The Chinese city of Shanghai has a school system that produces students who soar far above the rest. On the 2009 and 2012 Programme of International Student Achievement (PISA) tests, administered to 15-year-olds worldwide, Shanghai-China students ranked first in all three major domains –mathematics, reading and science.
Until recently, the secret of that astounding student achievement success was essentially shrouded in mystery. With the release of the May 17 World Bank study, “How Shanghai Does It,” the answers are beginning to emerge, providing vitally-important lessons for education policy-makers in Canadian school systems and far beyond.
The World Bank report on Shanghai education, issued by World Bank research director Harry Patrinos, provides a counterpoint to the prevailing narrative that North American school systems should look to Finland for lessons on school improvement. It demonstrates, in incredible detail, what lies behind Shanghai-China’s rise to ‘education super-nova.’
The report, based upon SABER, a comprehensive World Bank system for benchmarking school system performance, delves deeply into how and why Shanghai students achieve excellent learning results. In the process, it smashes a few stubborn stereotypes and dispels the image of a mechanistic, test-driven, joyless educational enterprise.
Shanghai’s student successes stem, according to the World Bank, from a focus on teaching excellence. What’s unique about Shanghai-China is the way it “grooms, supports, and manages” teachers to raise educational quality and to a culture which accords great respect to the “teaching profession.”
We know that Shanghai students break records for extraordinary test scores, but lesser known is the success achieved in raising the floor for overall student achievement. The city has the highest share of disadvantaged students in the top 25 per cent range on PISA tests, and that is no accident. Educational equity is becoming a higher priority, especially targeting children of migrants.
Teachers in Shanghai are, by all accounts, well-trained and mentored after they become licensed to teach in schools. Ongoing professional development is not only offered, as in Canada, but integrated into a “collegial and supportive” professional growth process. Subject mastery and pedagogical training go together in developing skilled and accomplished teachers.
Teaching time is organized far differently than in Canadian schools.
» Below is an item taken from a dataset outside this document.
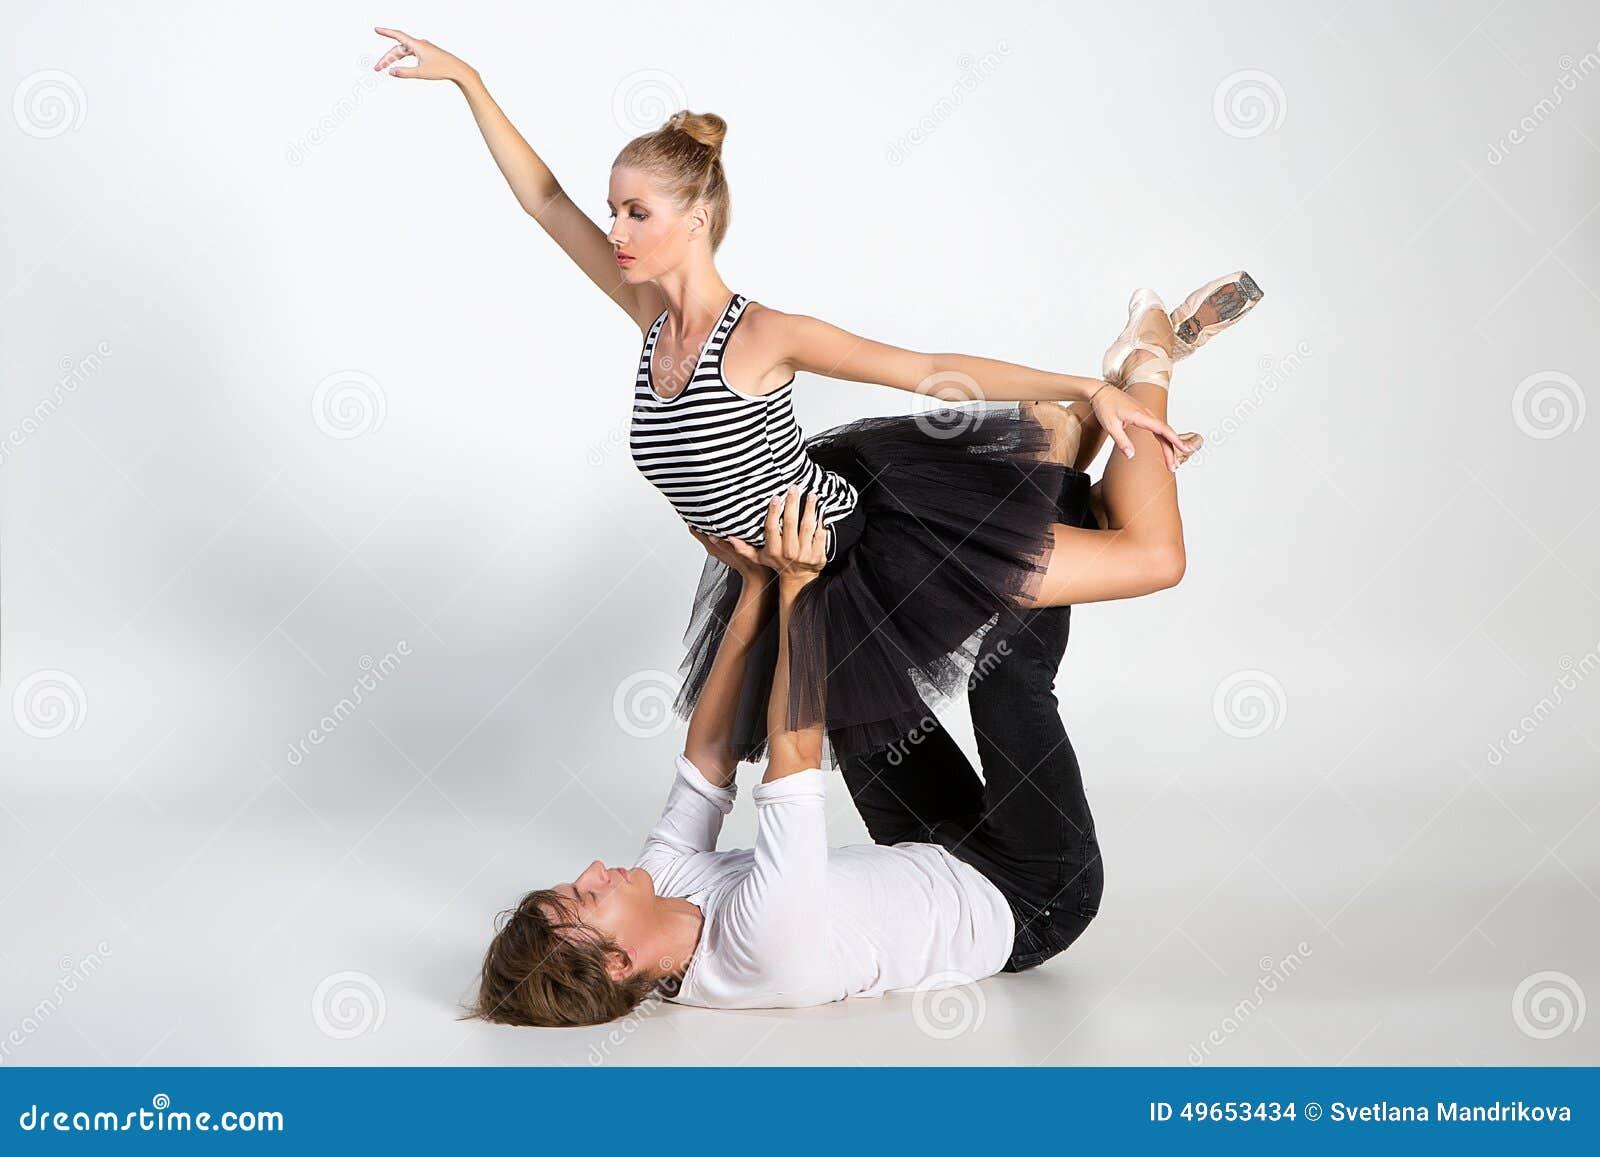 1000  ideas about Ballet Couple on Pinterest | Couple Illustration ...

The Chinese teachers spend only one-third of their time actually teaching and far more emphasis is placed on preparation of demonstration lessons. Teaching effectiveness is the clear priority, not scattered efforts spread across a range of classes.
Teaching is also rewarded far differently. Instead of being paid on a lock-step grid based upon seniority, Shanghai teachers move up the ladder based upon merit and guided by principals who are trained as instructional leaders not building administrators.
The biggest surprise is how Shanghai’s school system works to reduce educational inequalities. While education funding is vested in the school district, a proportion of the ‘education tax’ is specifically allocated to poor and low performing school districts.
One educational innovation worth emulating is what is known as the “entrusted school” management model to help raise up underperforming schools. High-performing Shanghai schools are “twinned” with struggling schools within the state system. Instead of establishing private schools or creating charters, the Chinese use “twinning” to extend management, training, and resource support to teachers and students in the struggling schools.
Since 2006, the world of education has been enraptured with the so-called “Finnish Miracle,” while Shanghai-China has surged far ahead in student achievement. Instead of hitching our school improvement wagon to Finnish education promoter extraordinaire Pasi Sahlberg and his Finnish lessons, we should be looking at best practice anywhere and everywhere.
Let’s start by finding out where exactly we rank and what might be the areas that need improvement. We generate lots of national, provincial and international student performance data, so why not put it to better use?
A really bold initiative would be to invite the World Bank to assess one Canadian provincial school system in relation to the SABER benchmarks. The State of Maryland in the United States has already done so, and the SABER report for Maryland demonstrates just how incredibly valuable it can be in planning for, and advancing, school improvement.
The Finnish Education Miracle has begun to lose its lustre. Perhaps it’s time to consider edutourism junkets to Shanghai instead of Helsinki – in search of educational excellence as well as innovative teaching-learning ideas.
*An earlier version of this Commentary appeared in The Telegraph-Journal, provincial edition, based in Saint John, NB.
Will the World Bank report on Shanghai’s Educational Success be a wake-up call for North American educational leaders? Do popular stereotypes about Chinese education obscure our vision of Shanghai’s remarkable student performance achievements? Should we be producing more detailed studies of “Shanghai Lessons” for educators? And which Canadian province will be the first to follow Maryland in stepping-up to participate in the SABER assessment of school system effectiveness?